Print each line exactly, from the one with "O'CHAWANZ、「Rest of The" to the very last line of the listing, and keep the pictures out.

DATASET SECTION -
::::::
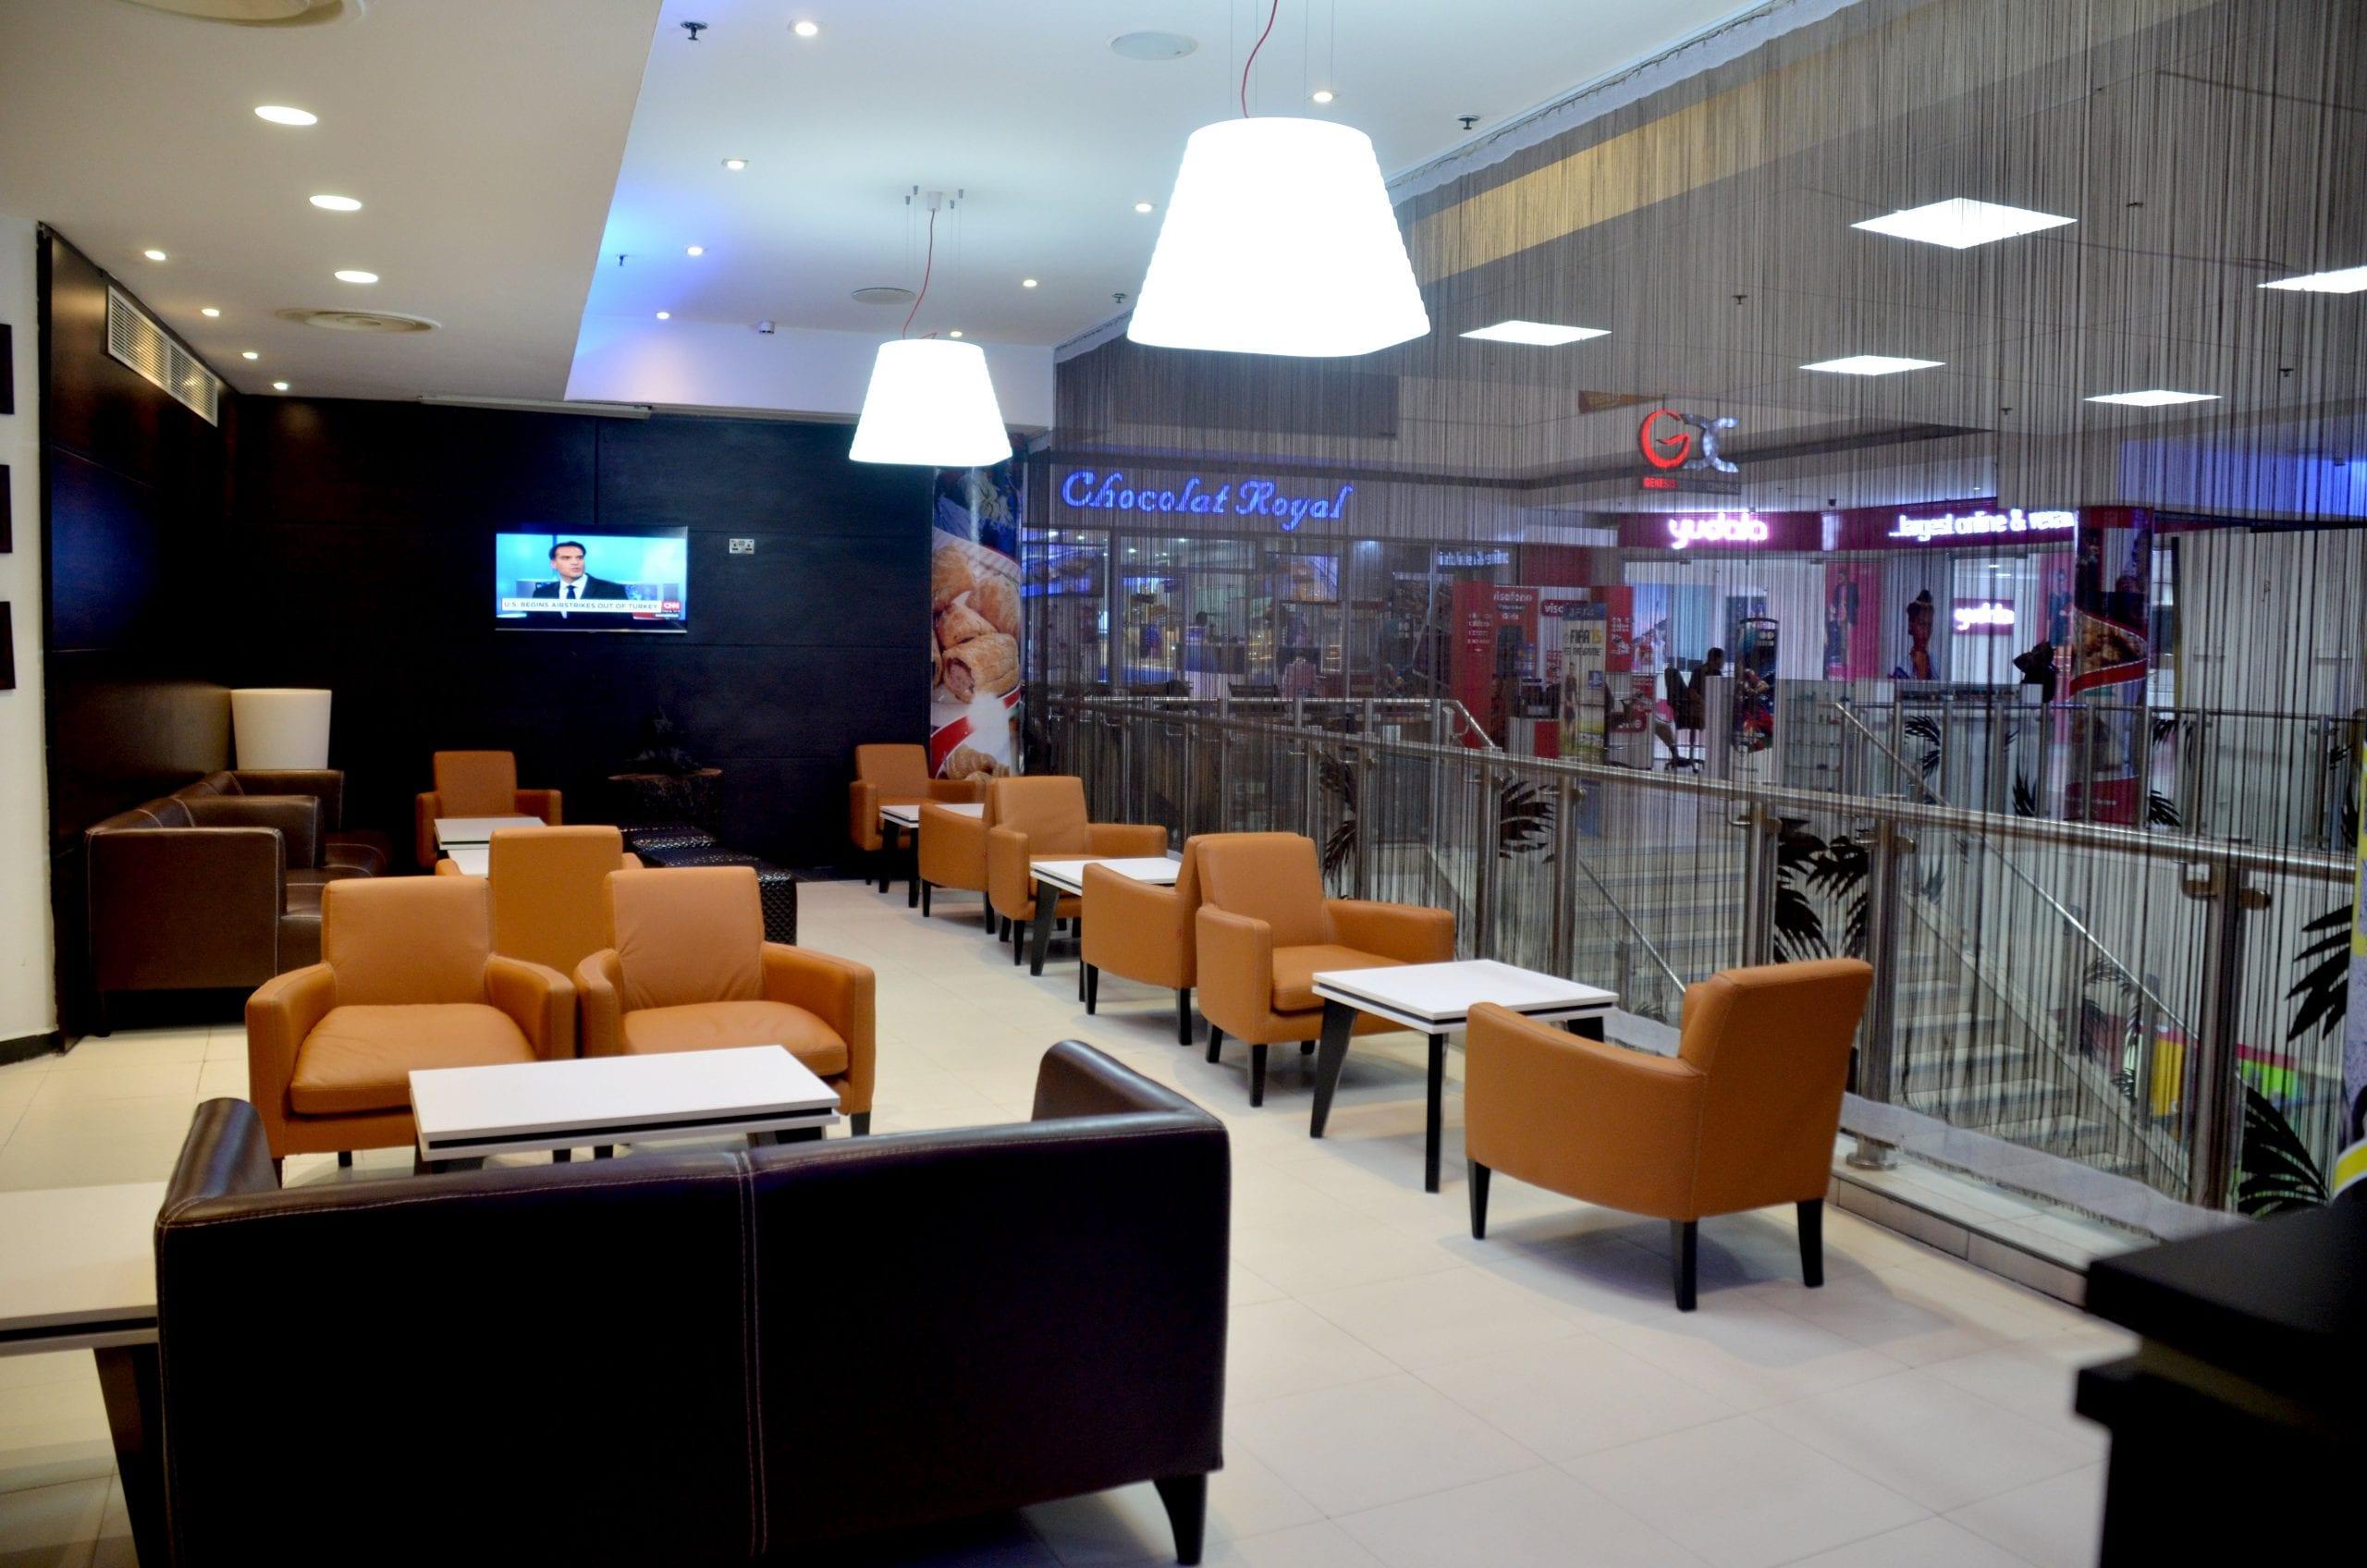 genesis cinemas on list and addresses of best cinemas in Lagos
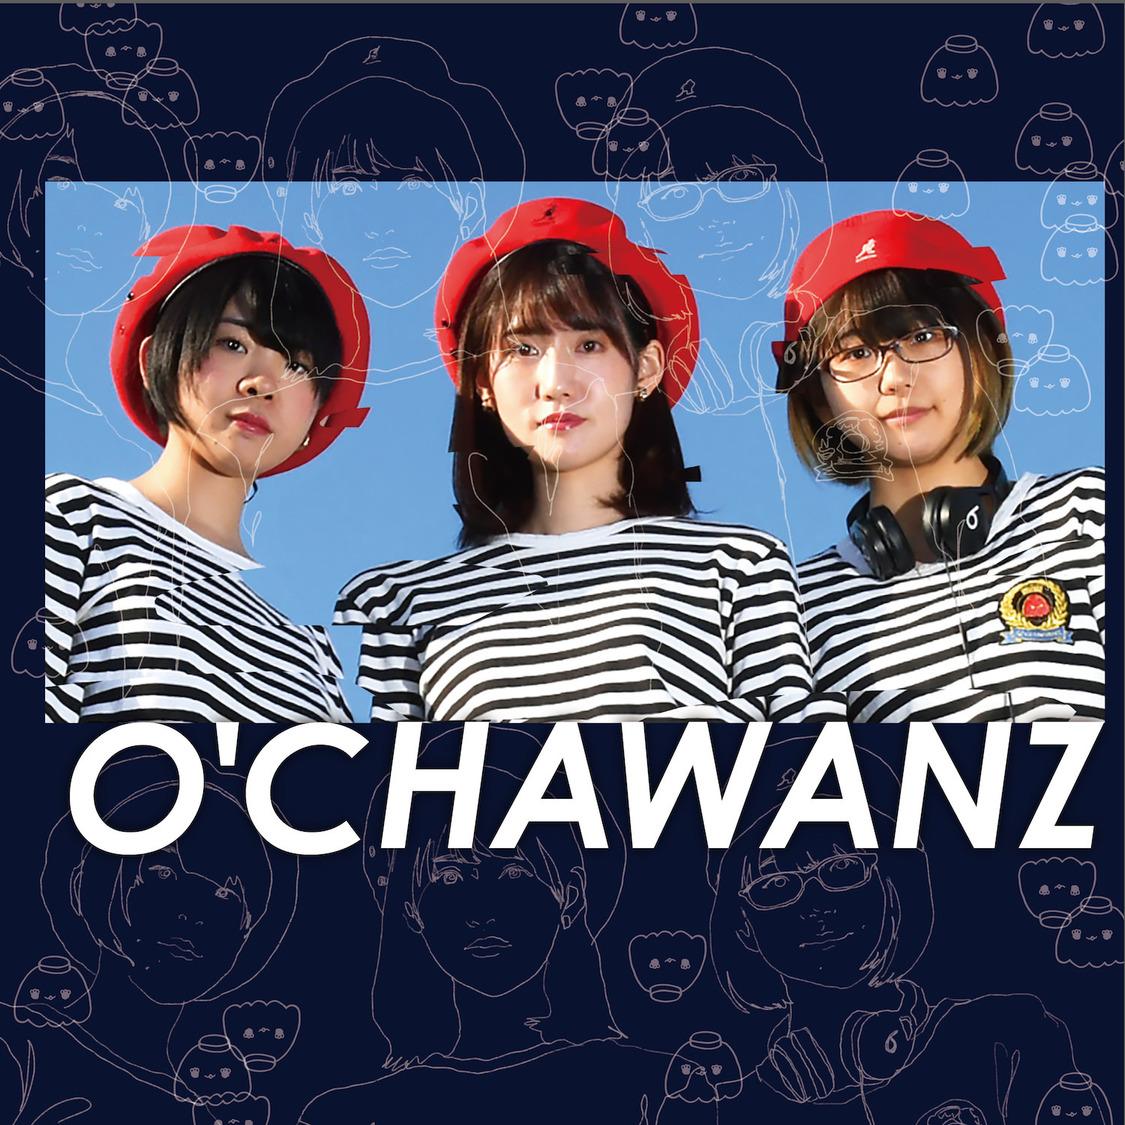 O'CHAWANZ、「Rest of The Girls」MV公開+新メンバーオーデション開催!
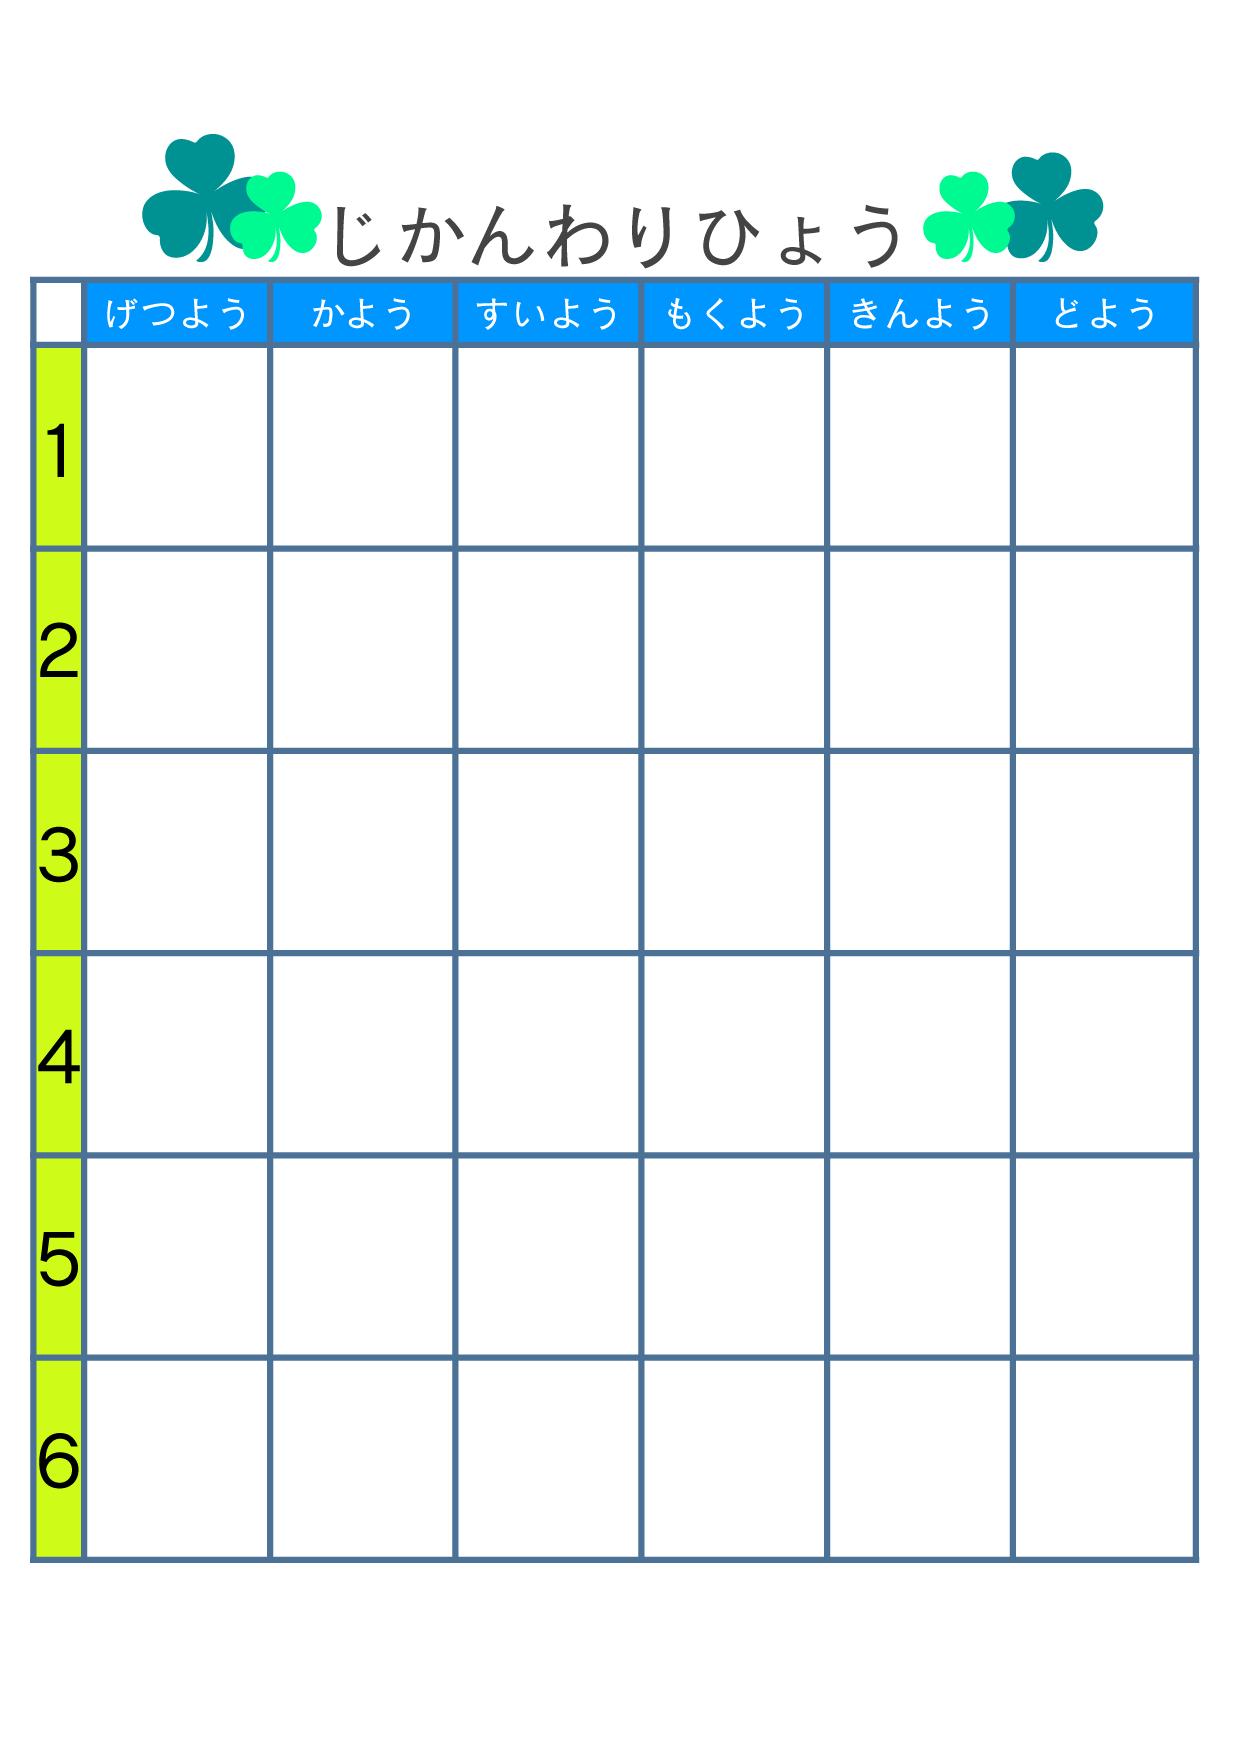 小学校低学年用のカラフルな時間割表テンプレート
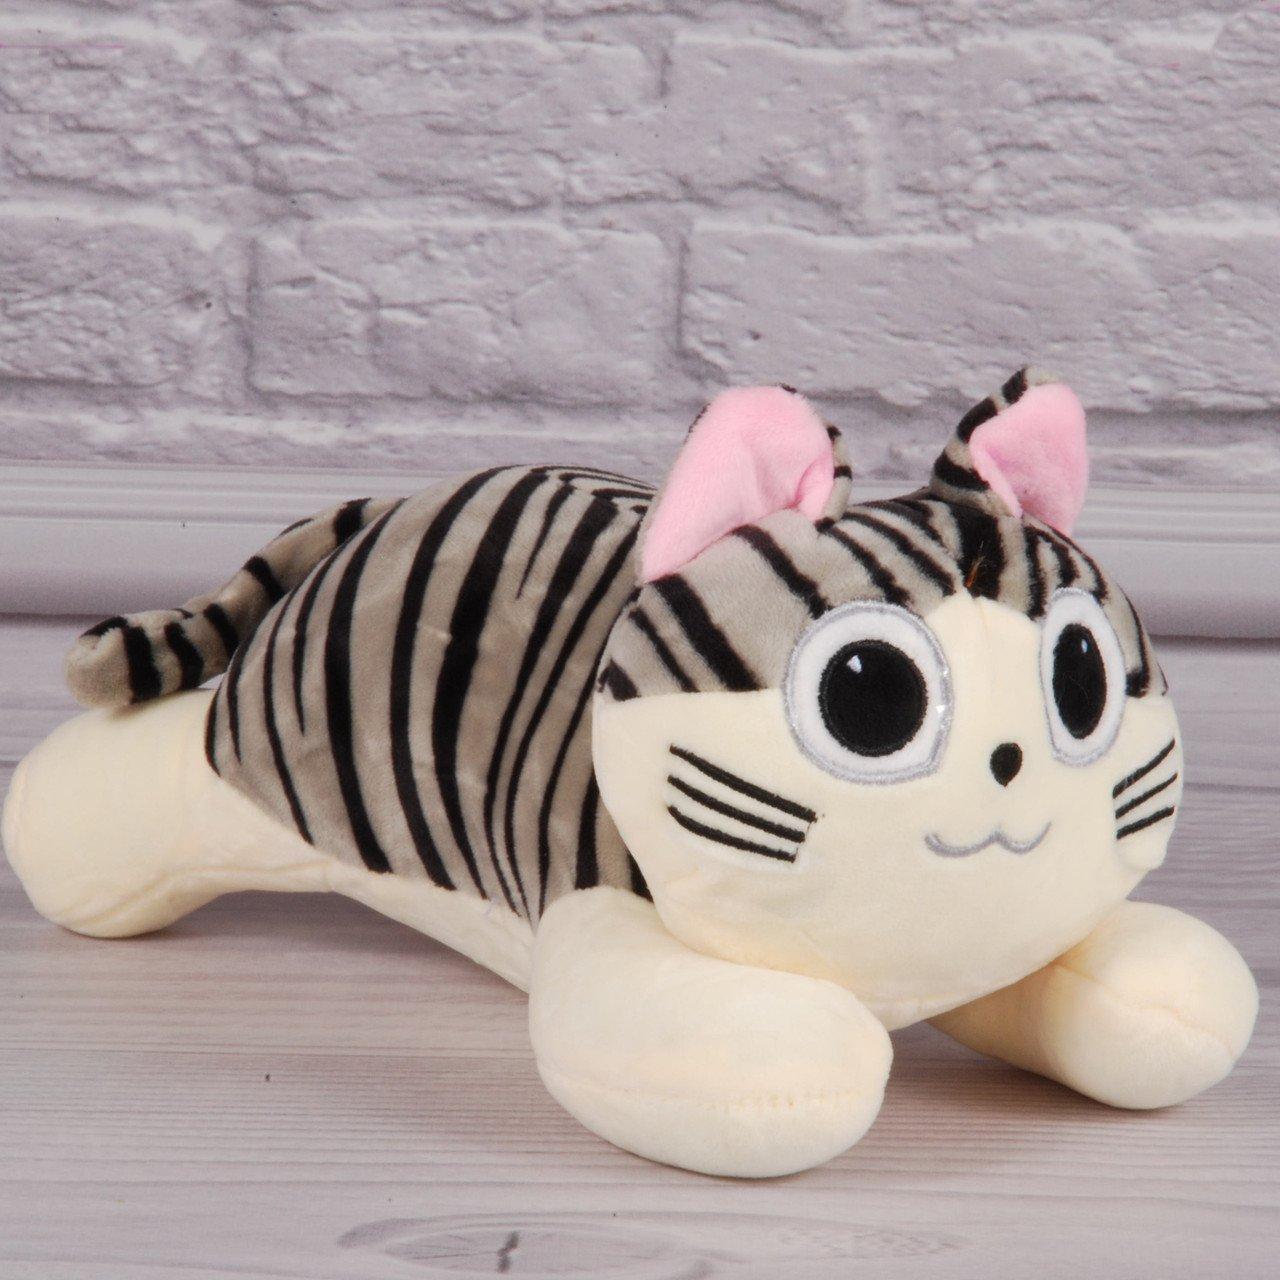 24982-2 Мягкая игрушка Котик Лунита 34 см тм Копиця
::::::
COMPLETED TASK -
 O'CHAWANZ、「Rest of The Girls」MV公開+新メンバーオーデション開催!
 小学校低学年用のカラフルな時間割表テンプレート
 24982-2 Мягкая игрушка Котик Лунита 34 см тм Копиця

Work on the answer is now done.